This was the situation Claude Debussy faced in 1905.
So what did he do? He fled with his new love to the sea air of Eastbourne.
For the next few weeks the couple stayed in the Grand Hotel, on the seafront, where Debussy applied the finishing touches to his orchestral masterpiece La Mer.
Debussy wasn’t altogether impressed by Eastbourne’s charms, however. He wrote to a friend: “It’s a little English seaside town, as silly as these sorts of places sometimes are…too many draughts and too much music.”
But in room 200 at the Grand Hotel he found refuge – with his mistress Emma Bardac.

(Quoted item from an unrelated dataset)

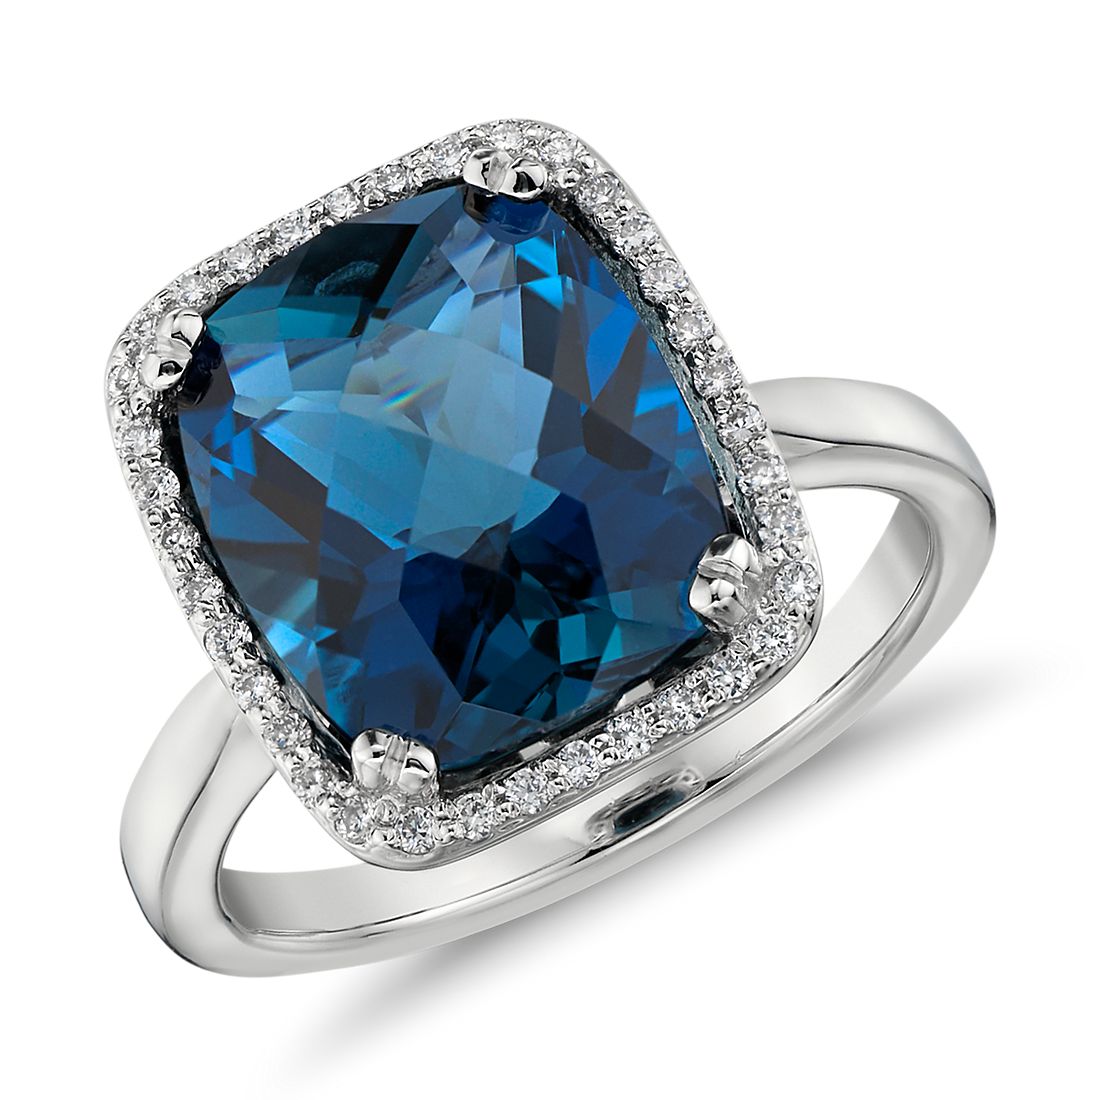 London Blue Topaz and Diamond Halo CushionCut Ring in 14k White Gold

When the couple arrived at the hotel on 24th July they booked in as M. and Mme. Claude Debussy. Their suite had a balcony looking out to sea, and Debussy wrote to a friend he was able to “relax like an animal.” In spite of the “too much music” – the brass bands and military marches played in seafront bandstands – he was also able to work.
Debussy had met Bardac, a talented singer, two years earlier – introduced by her son Raoul who was one of Debussy’s students. Bardac had been married to a wealthy Parisian banker since she was 17. Now in her early 40s, she was cultured, elegant and lively, with auburn hair and green eyes. She had had an affair with the composer
Gabriel Fauré before she met Debussy.